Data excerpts
*** Block opens ***

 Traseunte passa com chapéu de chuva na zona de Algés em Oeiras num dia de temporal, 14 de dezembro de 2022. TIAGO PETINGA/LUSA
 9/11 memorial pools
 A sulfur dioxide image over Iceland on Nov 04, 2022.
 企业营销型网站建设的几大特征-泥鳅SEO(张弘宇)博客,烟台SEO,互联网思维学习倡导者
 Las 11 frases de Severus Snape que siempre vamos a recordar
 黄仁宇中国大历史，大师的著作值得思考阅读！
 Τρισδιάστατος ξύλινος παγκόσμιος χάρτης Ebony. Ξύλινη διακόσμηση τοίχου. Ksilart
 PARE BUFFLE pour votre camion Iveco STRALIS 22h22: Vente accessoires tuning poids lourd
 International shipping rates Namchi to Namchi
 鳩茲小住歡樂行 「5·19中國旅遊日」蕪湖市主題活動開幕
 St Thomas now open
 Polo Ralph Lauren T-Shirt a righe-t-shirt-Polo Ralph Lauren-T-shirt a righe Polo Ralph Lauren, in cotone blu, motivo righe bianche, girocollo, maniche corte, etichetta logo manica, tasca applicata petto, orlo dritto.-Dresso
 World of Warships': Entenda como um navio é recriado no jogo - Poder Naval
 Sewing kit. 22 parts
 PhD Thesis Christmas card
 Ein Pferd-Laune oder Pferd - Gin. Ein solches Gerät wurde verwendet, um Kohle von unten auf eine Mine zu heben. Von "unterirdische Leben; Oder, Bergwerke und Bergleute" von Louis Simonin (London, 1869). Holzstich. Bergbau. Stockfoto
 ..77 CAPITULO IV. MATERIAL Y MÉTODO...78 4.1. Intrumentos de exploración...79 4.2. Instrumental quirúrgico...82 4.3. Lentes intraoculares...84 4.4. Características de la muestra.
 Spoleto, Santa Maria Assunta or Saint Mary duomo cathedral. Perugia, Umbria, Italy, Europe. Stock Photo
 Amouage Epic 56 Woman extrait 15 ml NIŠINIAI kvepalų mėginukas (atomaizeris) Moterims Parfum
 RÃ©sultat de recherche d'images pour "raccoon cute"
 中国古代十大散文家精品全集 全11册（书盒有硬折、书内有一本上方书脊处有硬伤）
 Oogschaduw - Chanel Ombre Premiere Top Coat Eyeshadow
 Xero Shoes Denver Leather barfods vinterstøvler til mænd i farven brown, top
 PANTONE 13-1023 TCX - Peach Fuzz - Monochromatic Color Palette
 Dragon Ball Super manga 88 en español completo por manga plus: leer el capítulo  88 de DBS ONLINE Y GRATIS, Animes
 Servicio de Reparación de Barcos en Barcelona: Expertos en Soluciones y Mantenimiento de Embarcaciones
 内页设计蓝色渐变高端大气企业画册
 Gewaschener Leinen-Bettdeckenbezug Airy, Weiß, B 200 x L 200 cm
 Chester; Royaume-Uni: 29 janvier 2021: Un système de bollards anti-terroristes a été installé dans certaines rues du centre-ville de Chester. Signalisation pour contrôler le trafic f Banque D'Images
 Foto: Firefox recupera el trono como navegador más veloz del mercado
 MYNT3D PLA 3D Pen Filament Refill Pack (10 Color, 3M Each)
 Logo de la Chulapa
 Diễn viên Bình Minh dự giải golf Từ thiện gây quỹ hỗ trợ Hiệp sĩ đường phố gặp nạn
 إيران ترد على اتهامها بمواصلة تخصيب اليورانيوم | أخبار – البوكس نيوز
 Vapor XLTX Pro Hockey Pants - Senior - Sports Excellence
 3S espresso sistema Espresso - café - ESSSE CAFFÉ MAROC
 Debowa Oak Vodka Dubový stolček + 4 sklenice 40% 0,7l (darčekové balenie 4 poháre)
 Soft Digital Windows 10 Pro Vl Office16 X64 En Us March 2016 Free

*** Block closes ***

## Work instruction
In the answer, include exactly the lines from the line containing "Xero Shoes Denver" through the end of the data, and nothing else.

## Response below
 Xero Shoes Denver Leather barfods vinterstøvler til mænd i farven brown, top
 PANTONE 13-1023 TCX - Peach Fuzz - Monochromatic Color Palette
 Dragon Ball Super manga 88 en español completo por manga plus: leer el capítulo  88 de DBS ONLINE Y GRATIS, Animes
 Servicio de Reparación de Barcos en Barcelona: Expertos en Soluciones y Mantenimiento de Embarcaciones
 内页设计蓝色渐变高端大气企业画册
 Gewaschener Leinen-Bettdeckenbezug Airy, Weiß, B 200 x L 200 cm
 Chester; Royaume-Uni: 29 janvier 2021: Un système de bollards anti-terroristes a été installé dans certaines rues du centre-ville de Chester. Signalisation pour contrôler le trafic f Banque D'Images
 Foto: Firefox recupera el trono como navegador más veloz del mercado
 MYNT3D PLA 3D Pen Filament Refill Pack (10 Color, 3M Each)
 Logo de la Chulapa
 Diễn viên Bình Minh dự giải golf Từ thiện gây quỹ hỗ trợ Hiệp sĩ đường phố gặp nạn
 إيران ترد على اتهامها بمواصلة تخصيب اليورانيوم | أخبار – البوكس نيوز
 Vapor XLTX Pro Hockey Pants - Senior - Sports Excellence
 3S espresso sistema Espresso - café - ESSSE CAFFÉ MAROC
 Debowa Oak Vodka Dubový stolček + 4 sklenice 40% 0,7l (darčekové balenie 4 poháre)
 Soft Digital Windows 10 Pro Vl Office16 X64 En Us March 2016 Free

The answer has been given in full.